Best Practices for Terraform and AKS:

  • Module Usage: For complex setups, use official Terraform modules (e.g., Azure/aks/azurerm) to create well-architected clusters.
  • State Management: Always use remote state (like Azure Storage Blob) and state locking to enable collaboration and prevent concurrent modifications.
  • Version Pinning: Pin your azurerm provider version to prevent unexpected changes due to new provider versions.
  • Prevent Destroy: For production clusters, use lifecycle { prevent_destroy = true } on azurerm_kubernetes_cluster to prevent accidental deletion.
  • Private Clusters: Enable private_cluster_enabled for enhanced security where appropriate.
  • Managed Identities: Leverage Managed Identities for AKS and your applications to interact with other Azure services securely.

Exercise/Mini-Challenge:

  1. Modify the main.tf to add an additional azurerm_kubernetes_cluster_node_pool named apppool with node_count = 1 and a different vm_size (e.g., Standard_D2_v3).
  2. Set only_critical_addons_enabled = true on the default_node_pool.
  3. Deploy the infrastructure and verify the two node pools.
  4. Implement automatic_upgrade_channel = "stable" in your azurerm_kubernetes_cluster resource.

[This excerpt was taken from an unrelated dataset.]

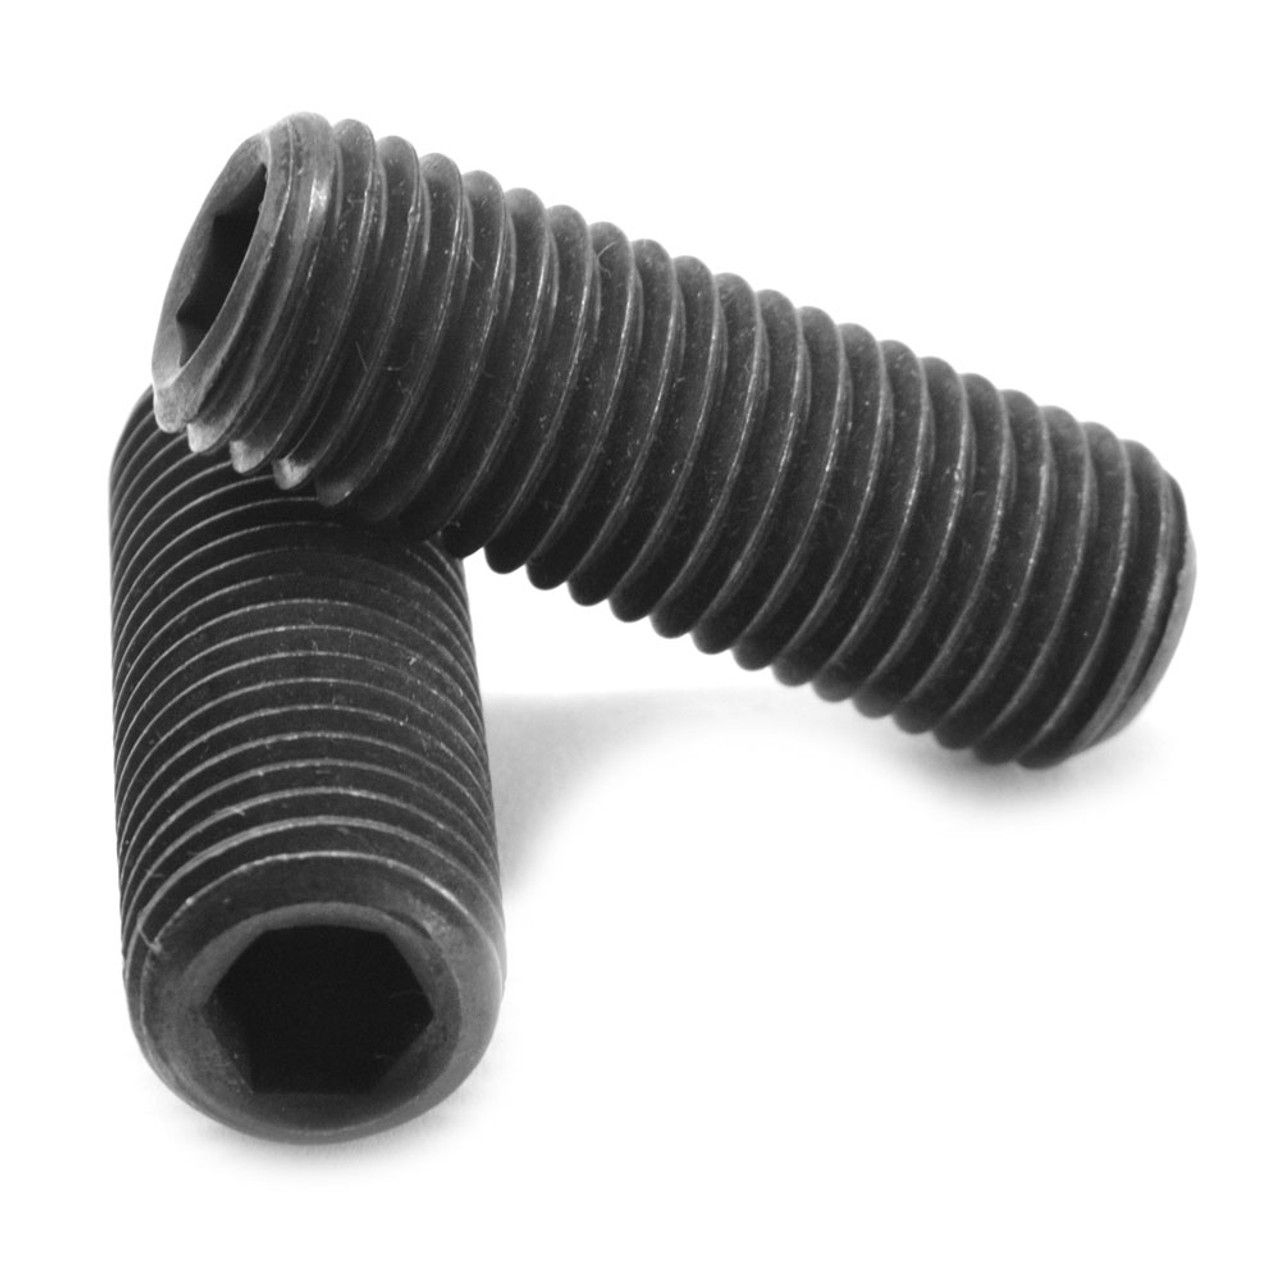 1 1/2"-6 x 1 1/2" Coarse Thread Socket Set Screw Cup Point Alloy Steel Black Oxide

4.2 Logging, Debugging, and Tracing

Observability is crucial for understanding the health and performance of your applications and infrastructure.

4.2.1 Logging with Azure Monitor and Container Insights

Logging provides a record of events happening within your applications and Kubernetes cluster. Azure Monitor Container Insights is a feature of Azure Monitor that monitors the performance of container workloads deployed to AKS. It collects metrics and logs from containers, nodes, and the control plane.

Key features:

  • Automatic collection: Collects logs, metrics, and events from AKS automatically.
  • Log Analytics Workspace: Stores collected data in a centralized Log Analytics Workspace for querying and analysis.
  • Pre-built dashboards: Provides out-of-the-box dashboards for cluster health, node performance, and container activity.
  • Kubelet logs: You can also get kubelet logs for node-level troubleshooting.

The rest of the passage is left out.